Sport and Anti–Doping

Based on the UNESCO Charter of Physical Education and Sport, 1978, and following the policy recommendations of the fifth International Conference of Ministers and Senior Officials Responsible for Physical Education and Sport (MINEPS V), 2013, UNESCO guides national and international policy development in coordination with UN Agencies, the Intergovernmental Committee for Physical Education and Sport (CIGEPS) and its Permanent Consultative Council comprising major international sport stakeholders. 

UNESCO in particular, advocates for the contribution sport makes to the achievement of the internationally agreed development goals of the post 2015 agenda, as well as for improved physical education in schools and the building of social competencies and attitudes and value systems through sports. 

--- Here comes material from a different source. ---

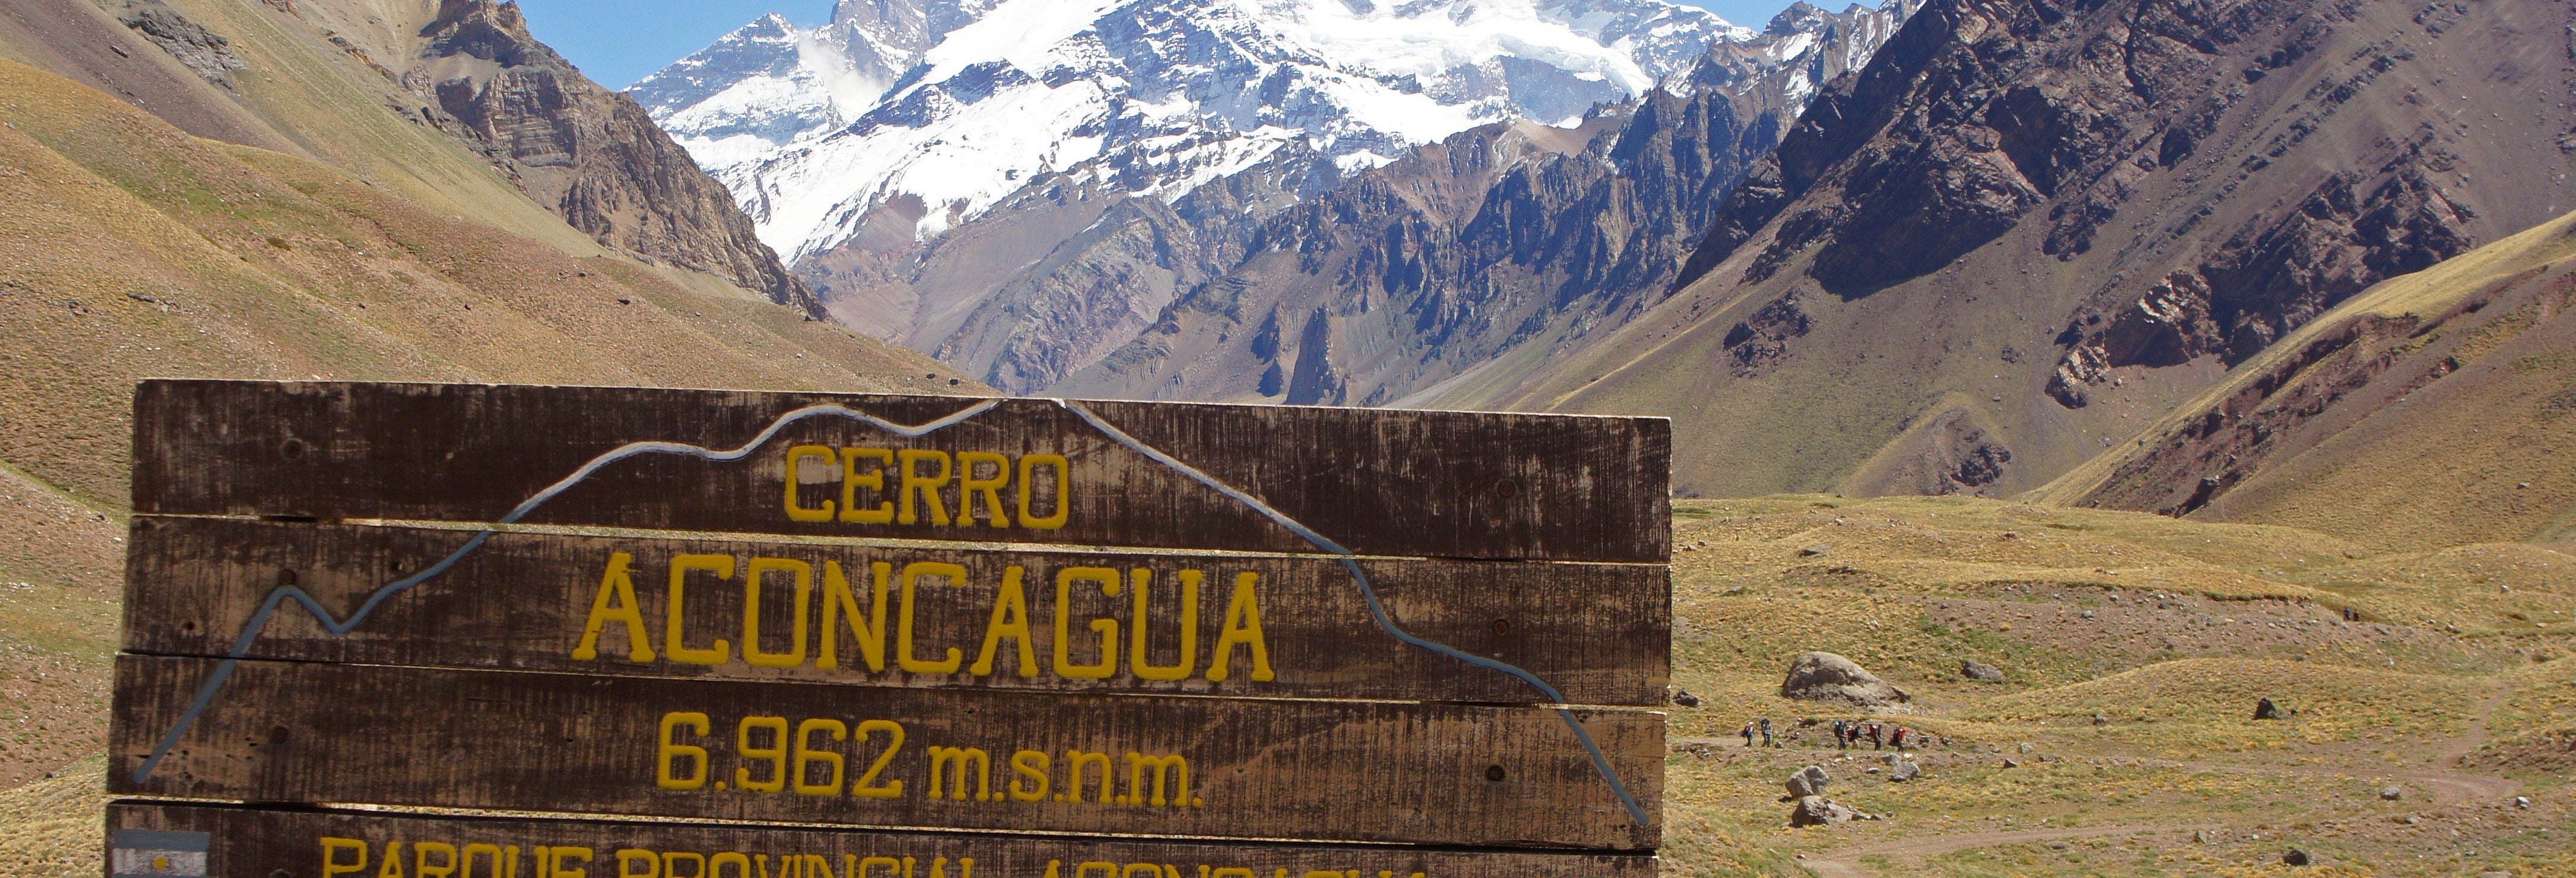 Excursão ao Parque Aconcagua

Addressing inequalities in the levels of participation in physical education and sport, which mirror those in education, health and material wealth, UNESCO also contributes to international efforts to improve access to physical education and sport for marginalized and disabled women and men. 

Responding to the threat to sport that arises from the manipulation of sport competitions and corrupt practices, UNESCO contributes to designing appropriate rights-based governance frameworks. 

UNESCO further strives to achieve universal ratification of the International Convention against Doping in Sport, 2005, and monitor its implementation with a view to having instigated proactive and coordinated anti-doping policies in all Member States. Capacity building at the national and regional levels, through education, the development of legislation and awareness raising are supported through the Fund against Doping in Sport. Special emphasis is put on leveraging major international events including the Olympics and Paralympic Games as well as the FIFA World Cup. 

Across the Organization, efforts are made to further mainstream human rights, including women’s rights, in all programmes and activities. The focus is placed on reinforcing the knowledge base on the implications of applying a human rights-based approach (HRBA) within UNESCO programmes in education, the sciences, culture and communication with adaptation of existing tools and knowledge resources produced by the UN system.

What has been done already?

Fund Against Doping in Sport: 

  • The Fund against Doping in Sport provided support to Botswana, Malawi, Mozambique, Zimbabwe, and Zambia in advancing ethics and health in sports.
  • UNESCO ROSA Programme Specialist for SHS, Mr. Charaf Ahmimed, attended the “Stakeholder Consultation Meeting: Anti-Doping as a Key Value in Mozambican Sport” in Maputo where he provided technical assistance to the development of an anti-doping strategy.

Quality Physical Education policy:

  • UNESCO is also supporting the revision of the Quality Physical Education policy in South Africa and Zambia with the aim of making it inclusive and child-centered.  Two National Coordinators have been recruited to oversee the policy revision which should last from September 2016 to August 2017.